To correct for this, the researchers chose to map a maximum of five randomly selected tweets per user in any given hexagon.

Below is their corrected map, with the patterns of predominantly West End residents in purple and East End residents in orange. The areas in grey are those where users from both areas tweet almost equally.

Compared to the raw data map above, this technique leads to nearly the opposite conclusions. Louisville’s West End residents are actually moving around and tweeting a lot. In fact, West End residents are much more likely to enter the East End than East End residents are to go West. That all-important “Ninth Street divide," which seemingly cuts the city into two separate and unequal worlds? It now looks more like a very porous border. And looking beyond the geotags themselves to examine the content of East End users' tweets reveals even more.

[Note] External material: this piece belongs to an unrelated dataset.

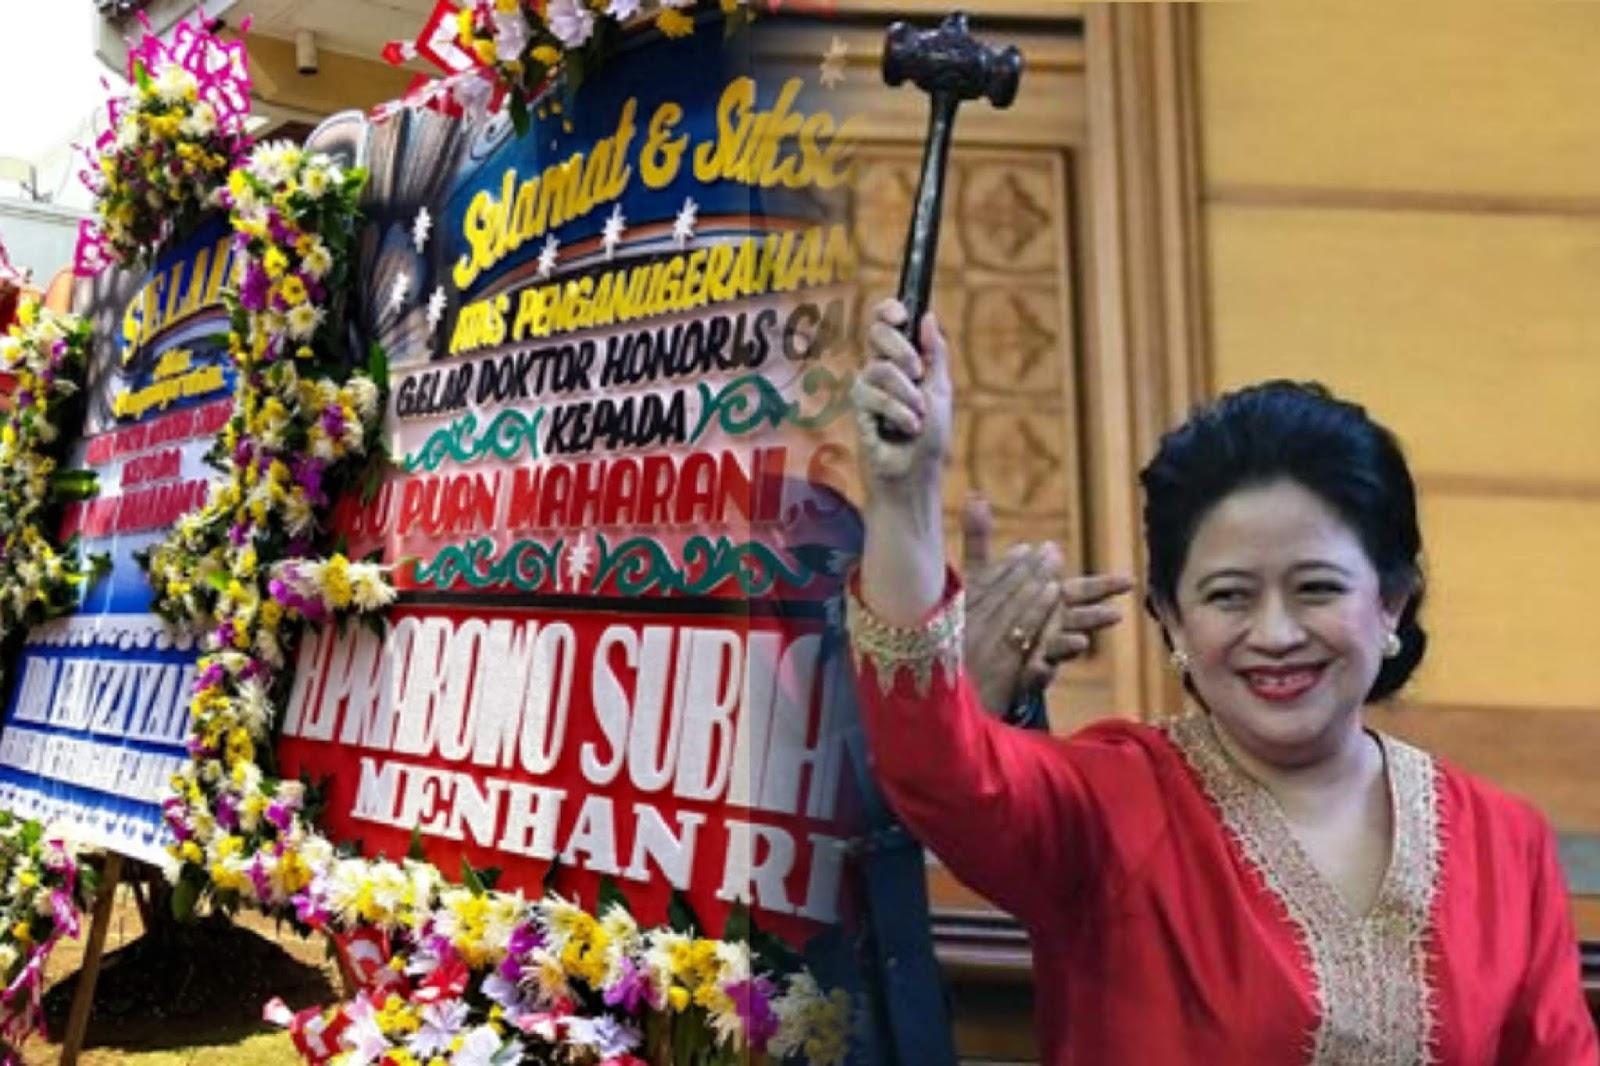 Puan akan Bergelar Doktor HC, Wapres dan Menhan Kirim Karangan Bunga

“Holy cow we are in the ghetto,” one East End user writes after they cross over the Ninth Street line. Even more interestingly, many East End users tweeted they were “in the ghetto” while well within the city’s predominantly white and affluent areas. “Ultimately,” the researchers conclude, “these kinds of incongruencies demonstrate the more complex relationship between urban spatial imaginaries and the everyday activity spaces of individuals and collectives as demonstrated through geotagged social media data.” Put more simply: Things are not always as unsophisticated Twitter maps make them seem.

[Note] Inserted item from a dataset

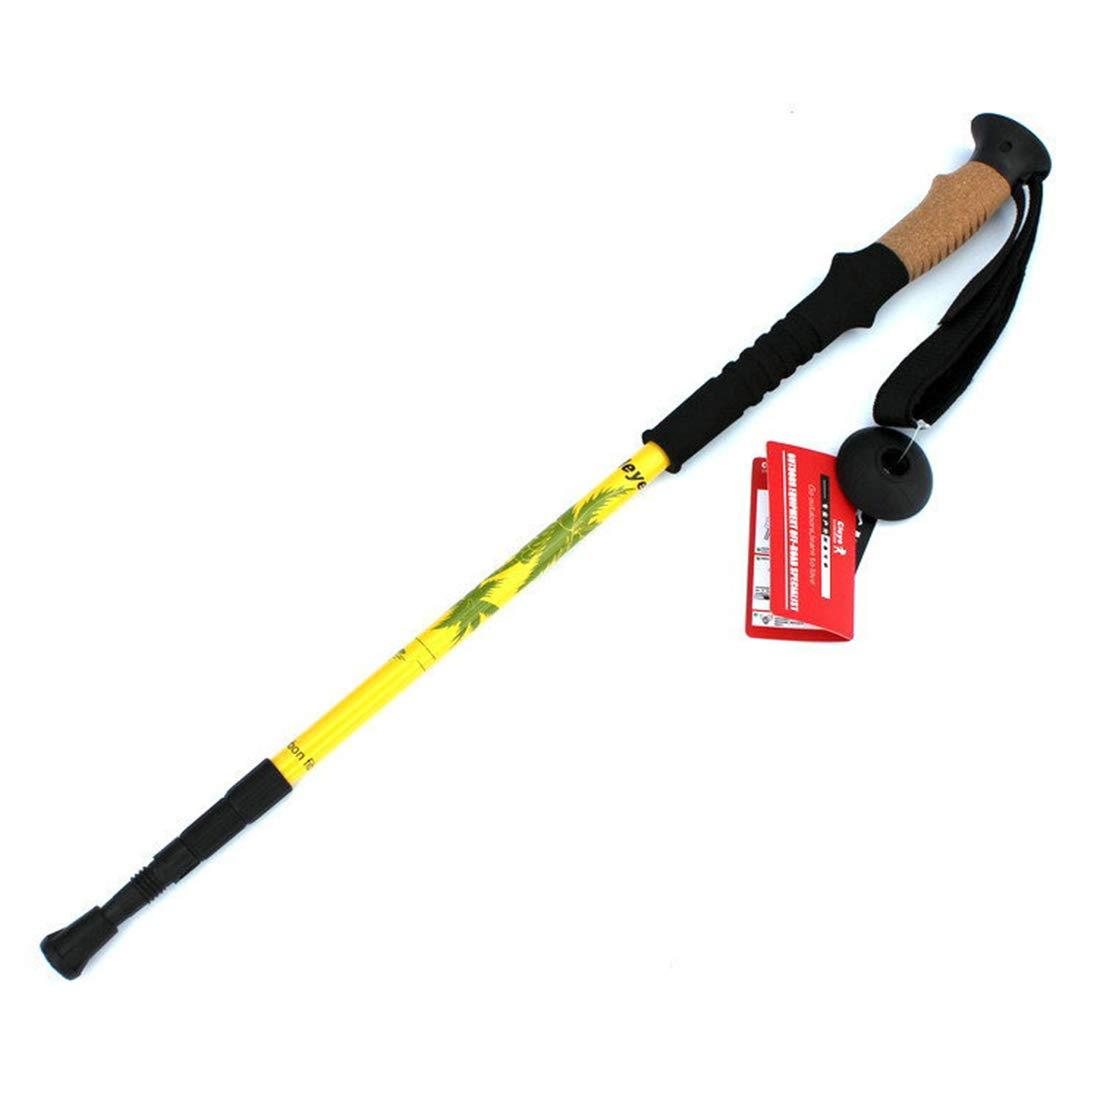 FELICIAAA アルペンストック軽量屋外スポーツ伸縮ハイキングカーボン三つ折りフォークウォーキングスティックアウトドアクライマー (Color : イエロー, サイズ : 135cm) イエロー 135cm

The problem with Twitter maps, then, isn’t that social media data is inherently flawed—it’s that the people who make them get lazy. “[When] you have these giant Twitter datasets …  it’s very, very easy to get that view from above and let the data speak for itself and just sort of stop there,” says Poorthuis. “That’s not the right stopping point. You need to contextualize by looking at the data in more detail—the variables and dimensions combined with the local knowledge.”

“It’s 2015 now,” Poorthuis says. “It was cool and an engineering challenge to get these points on a map. But now it’s time to ask deeper and more meaningful questions.”